*** Begin section ***
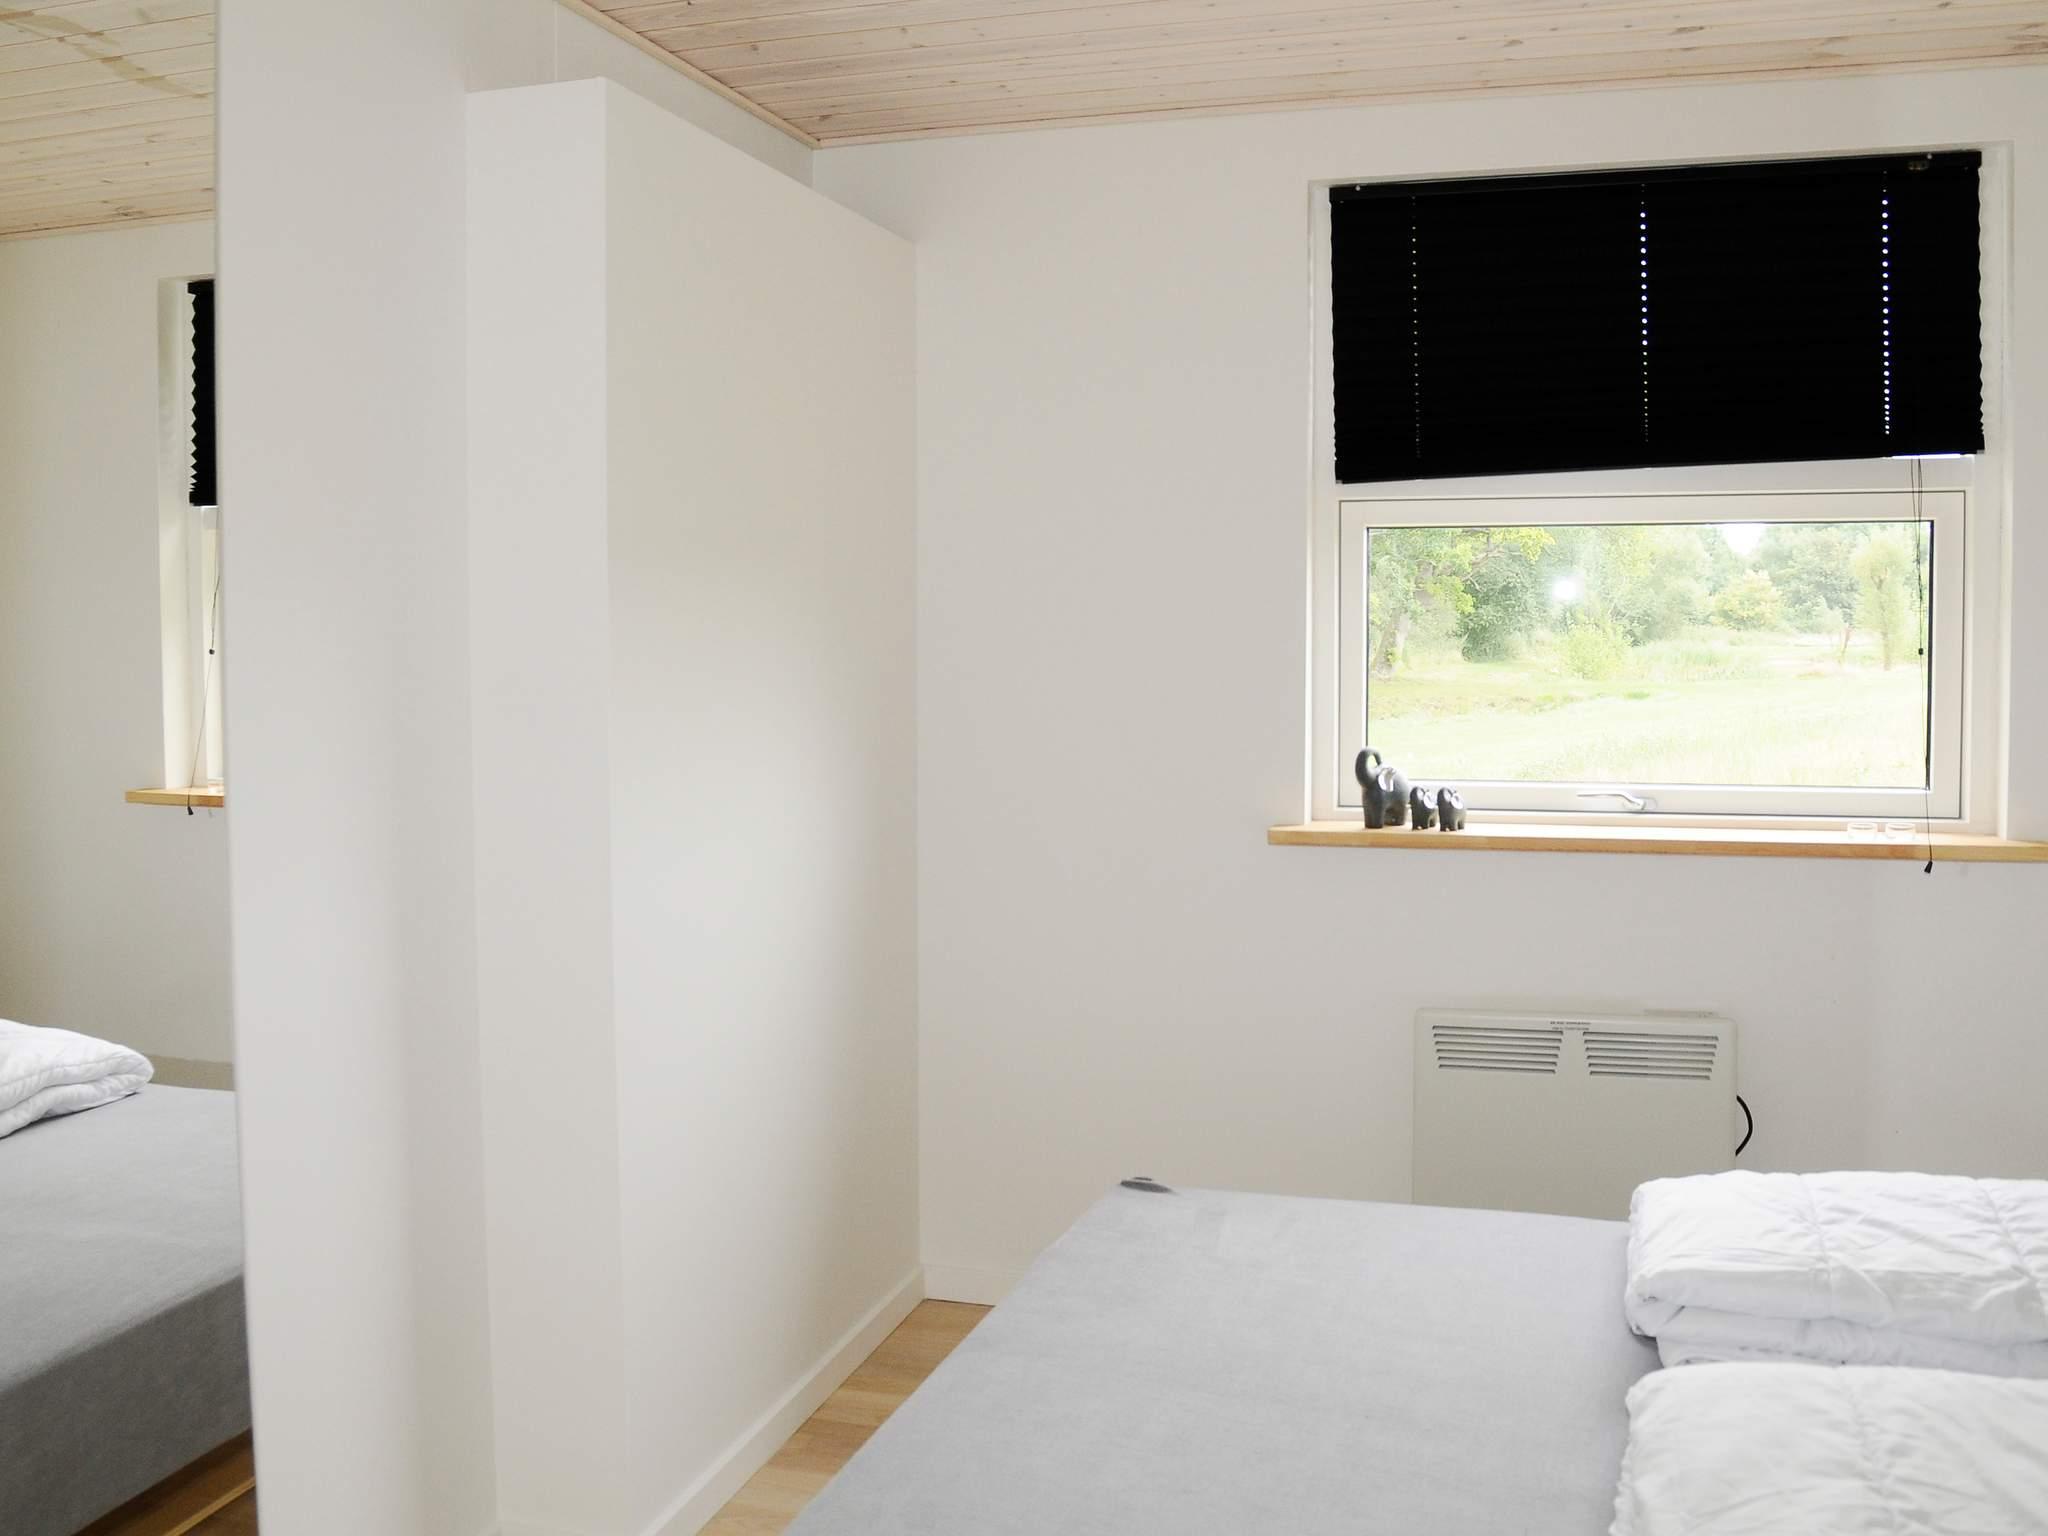 Ferienhaus Fjellerup Strand (336605), Fjellerup, , Ostjütland, Dänemark, Bild 9
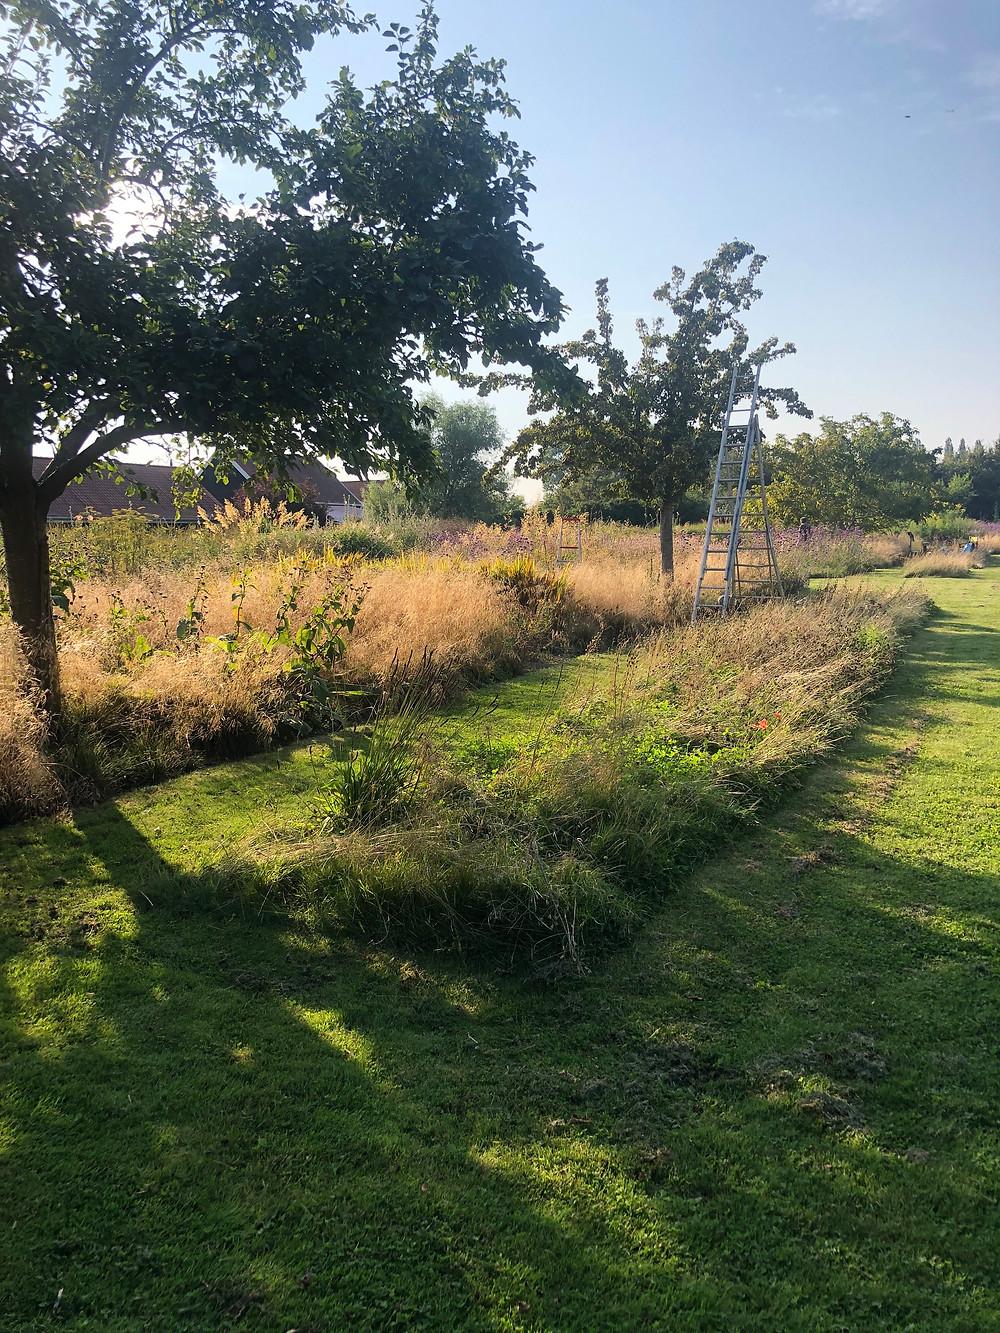 Tuinarchitect regio Rotterdam, tuinarchitect regio Zeeland, studio linda lavoir, ecologische tuinarchitect doet inspiratie op in Middelburg
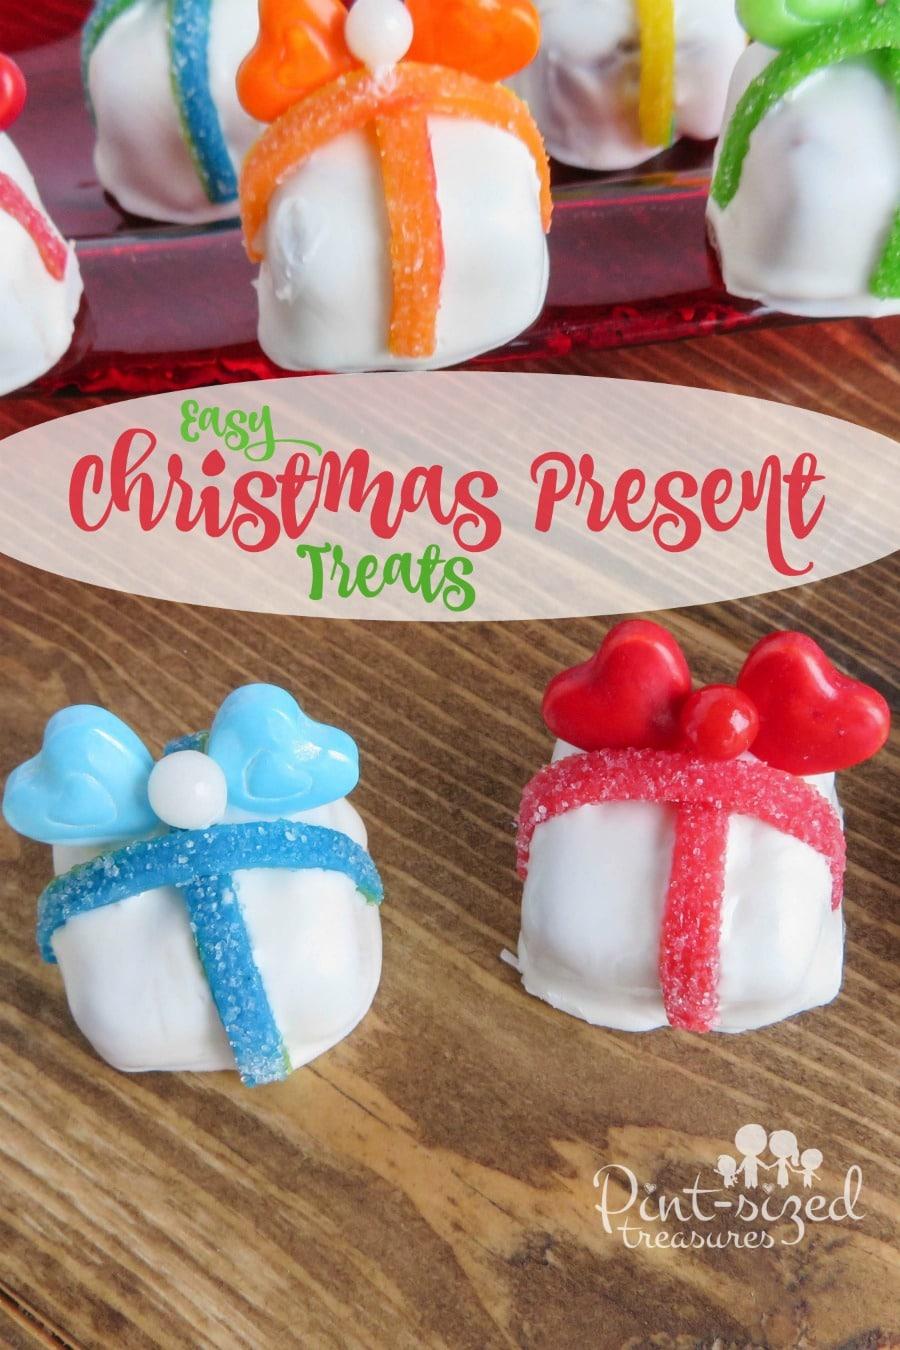 easy Christmas present treats
*** End section ***
TASK BRIEF: Would you copy out every line of the data above exactly, minus the pictures?

TASK OUTPUT:
 Ferienhaus Fjellerup Strand (336605), Fjellerup, , Ostjütland, Dänemark, Bild 9
 Tuinarchitect regio Rotterdam, tuinarchitect regio Zeeland, studio linda lavoir, ecologische tuinarchitect doet inspiratie op in Middelburg
 easy Christmas present treats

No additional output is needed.